Estaba un día sentado junto a su caña en la ribera, con la vista dirigida hacia
su límpida agua, cuando de repente vio hundirse el anzuelo y bajar hasta lo más
profundo. Al sacarlo del agua se dio con la sorpresa de tener en la punta un
barbo muy grande, el cual le dijo:
-Te
suplico que no me quites la vida; no soy un barbo verdadero, soy un príncipe
encantado; ¿de qué te serviría matarme si no puedo serte de mucho regalo?
Échame al agua y déjame nadar.
-Ciertamente, le dijo el pescador, no tenías necesidad de hablar tanto, pues no
haré tampoco otra cosa que dejar nadar a sus anchas a un barbo que sabe
hablar.
Lo lanzó al agua y el barbo se sumergió
en el fondo, dejando tras sí una larga huella de sangre.

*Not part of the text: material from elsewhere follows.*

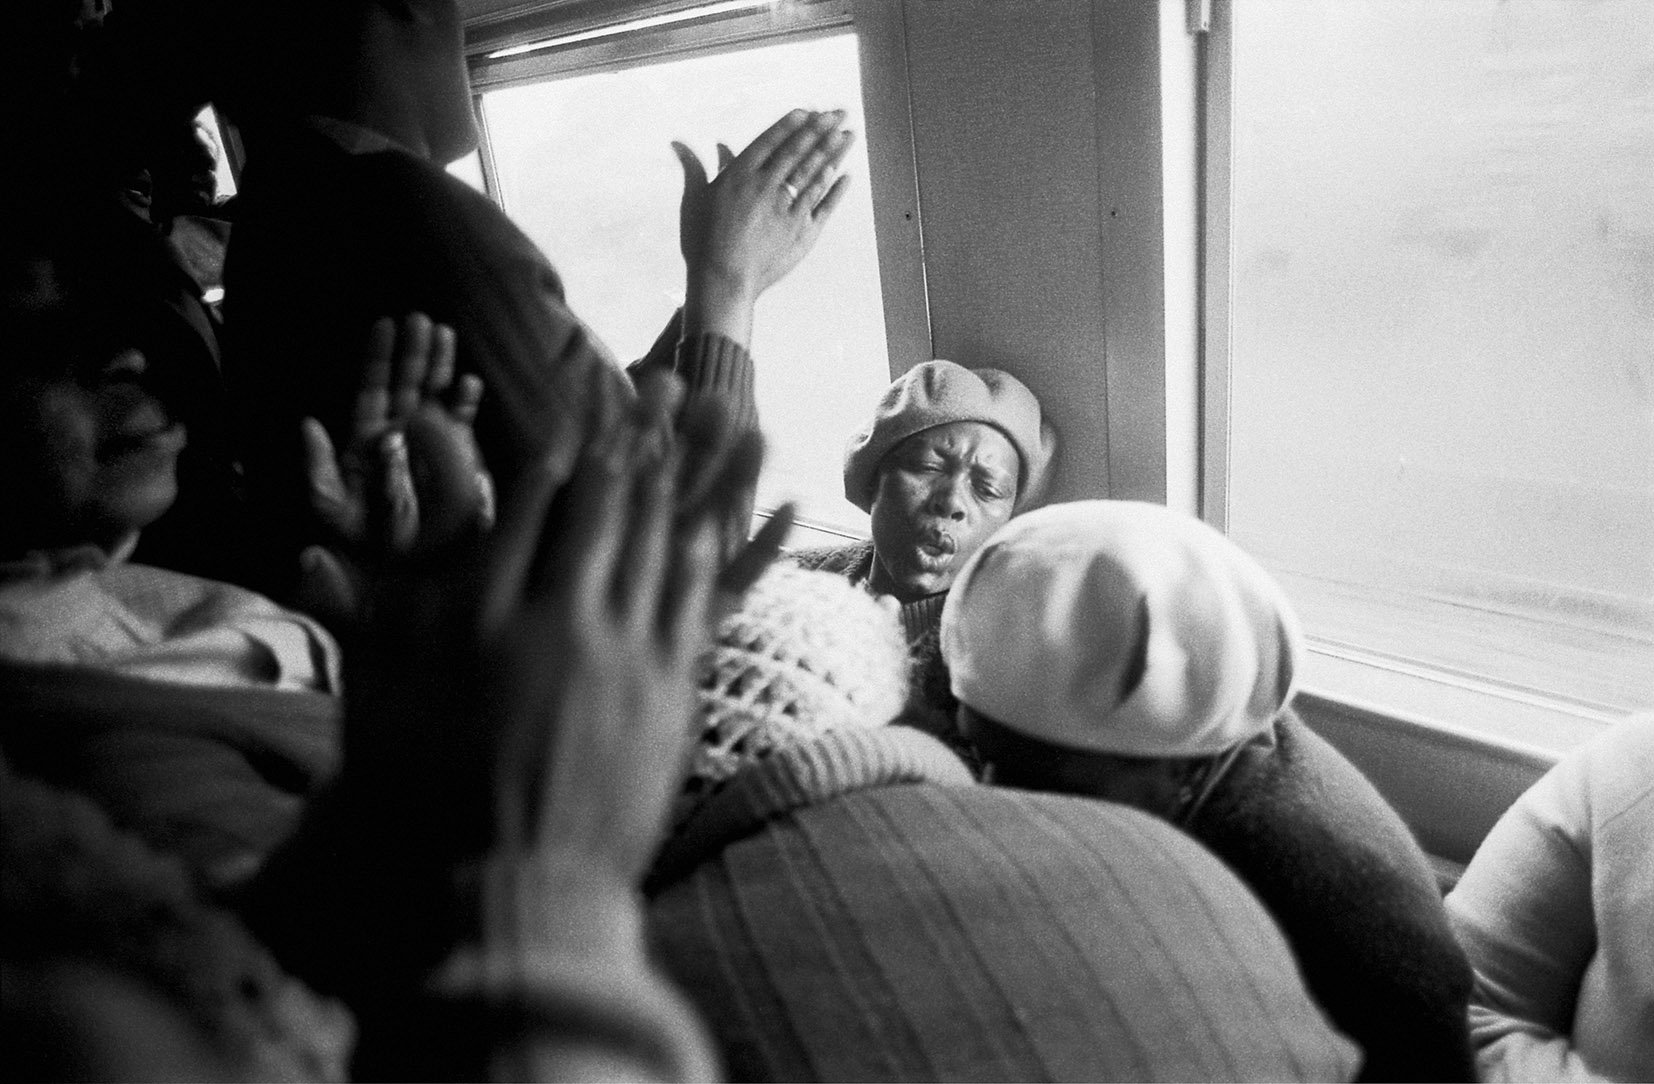  Hands in worship, Johannesburg-Soweto Line/ 1986

El pescador se fue a la choza con su mujer:
-Marido
mío, le dijo, ¿no has cogido nada hoy?
-No, -contestó el marido;- he cogido un barbo que me ha dicho ser un príncipe
encantado y le he dejado en libertad.
-¿No le has pedido nada para ti? -replicó la mujer.
-No, repuso el marido; ¿y qué había de pedirle?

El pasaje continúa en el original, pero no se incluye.